3) On May 23, 2012, the assignee completed the registration of ownership transfer on the site and building of the instant age club, and leased the instant age club to ddd on May 25, 2012.
4) On July 19, 2012, the transferee registered his/her business as a real estate business on May 24, 2012 with the starting date of July 19, 2012, and the location of the instant age club as its place of business as its place of business, and ddd on May 25, 2012, with the starting date of May 26, 2012 as dd on May 26, 2012, as d on the location of the instant age club as its place of business, as d on the location of the instant place of business, and as hart club
5) Meanwhile, on the business license certificate for the instant age club business, the business name of the Plaintiff was changed from the Plaintiff to c on April 30, 2012, and was changed to dd on May 24, 2012. However, as the loan was borrowed but the principal and interest on the loan was not repaid by the due date, the purchase price for the instant real estate owned by the seller is changed to 7.5 billion won.

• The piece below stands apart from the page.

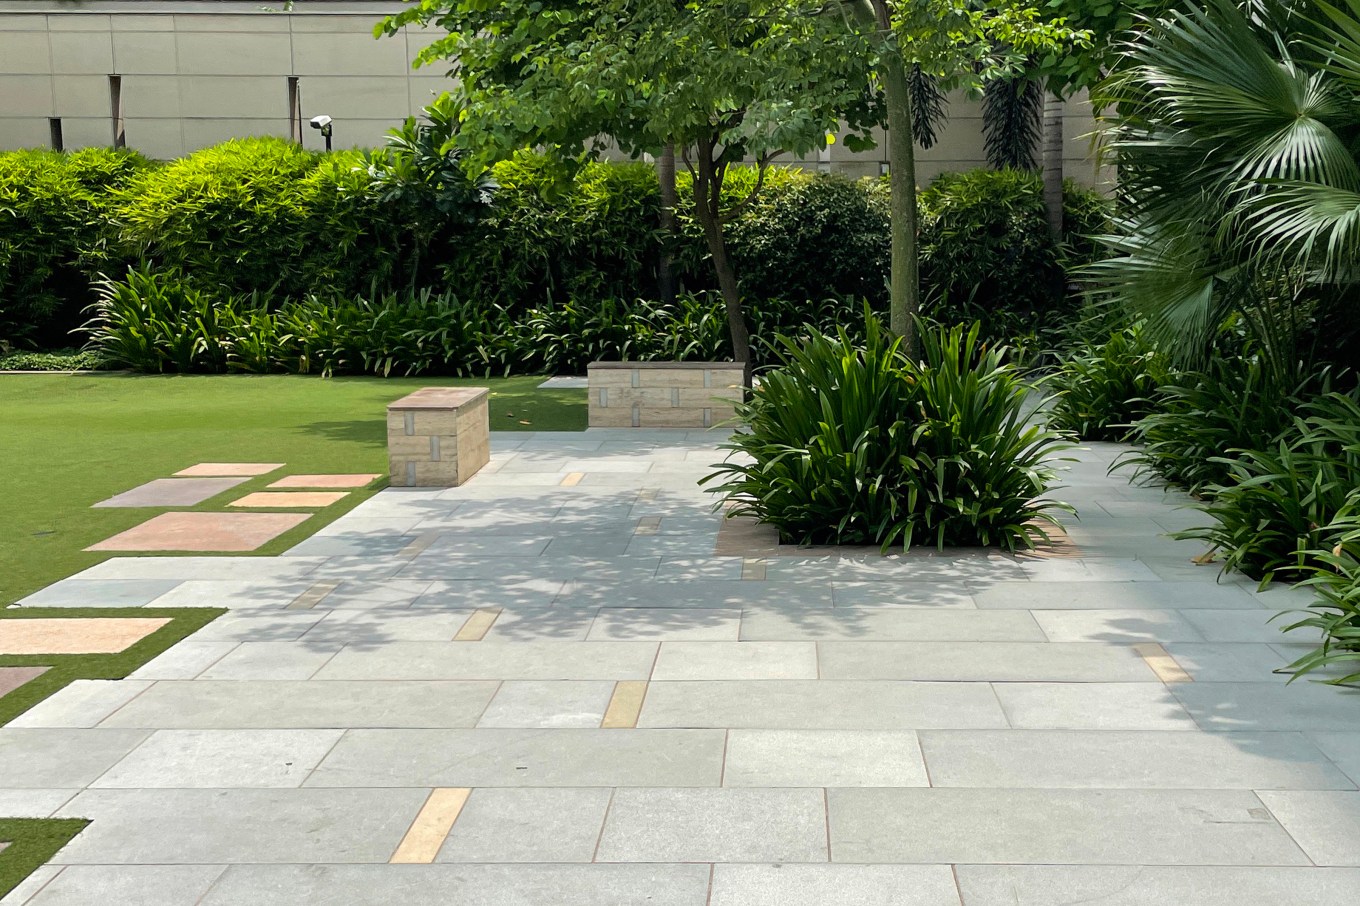 Patio with concrete pavers in varying shapes and sizes with well kept hedges and trees.
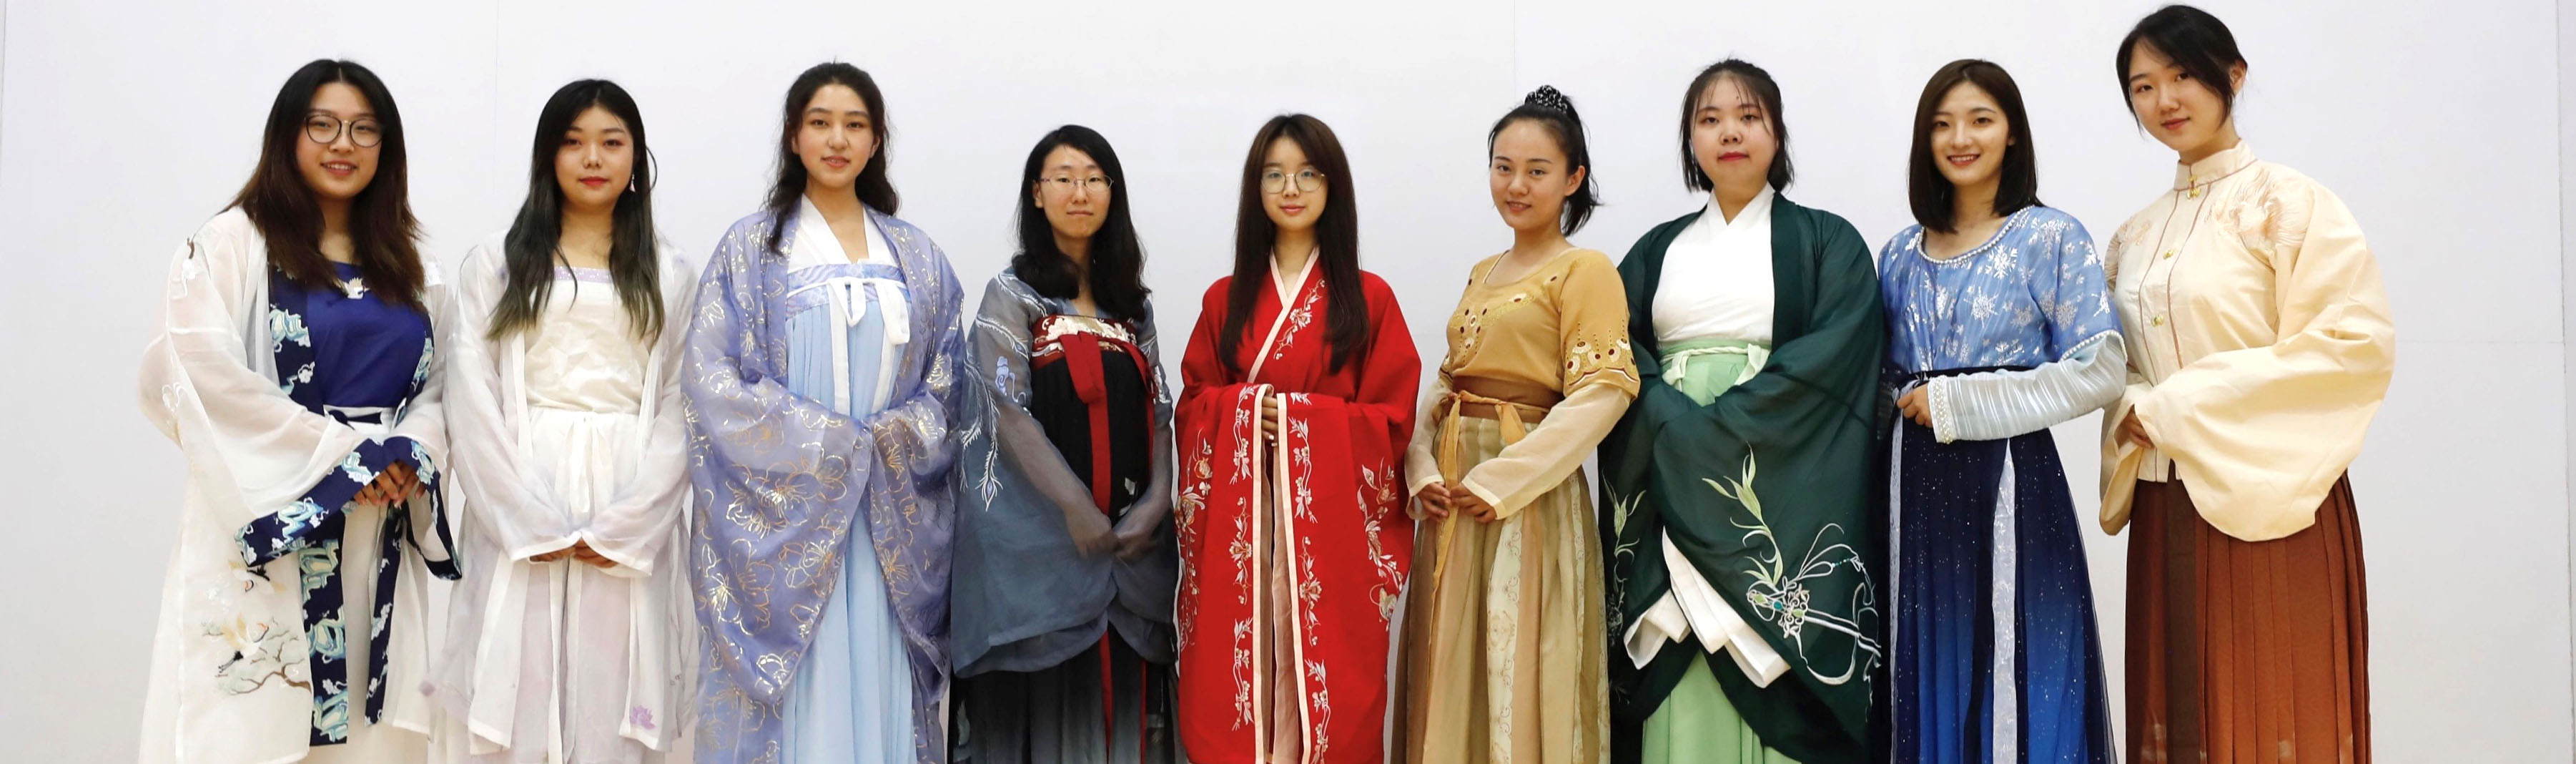 Bella and friends dress in traditional Chinese gowns

6) On May 30, 2012, the instant age club business was reported to be closed down.
[Recognition] Facts without dispute, Gap's statements, Gap's statements, Gap's evidence Nos. 1, 4, 8, 10, 13, 14, 15, Eul's evidence Nos. 2, 3 and 4 (including paper numbers), and the purport of the whole pleadings
D. Determination
(1) Article 6 (6) of the Value-Added Tax Act provides that the transfer of business is not deemed the supply of goods subject to value-added tax. Article 17 (2) of the Enforcement Decree provides that the transfer of business under Article 6 (6) of the Act shall comprehensively succeed to all rights (excluding rights related to outstanding amounts) and obligations (excluding rights related to unpaid amounts) to each business establishment. The term "transfer of business" refers to the comprehensive transfer of physical, human and rights and obligations including business property to replace only the owner of the business while maintaining the identity of the business. Thus, the fact that the business is a systematic combination of human and material facilities and its social independence should be recognized by being separated from the owner of the business, and it is difficult to view that the transferee of the above business as the ground of the tax disability in the transfer of the value-added tax and the burden of proof regarding the transfer of the above business is difficult to view that the transferee of the above business was the owner of the above c clubs as the owner of the above 3rd building site.
3. Conclusion
Therefore, the plaintiff's claim of this case is dismissed as it is without merit, and it is so decided as per Disposition.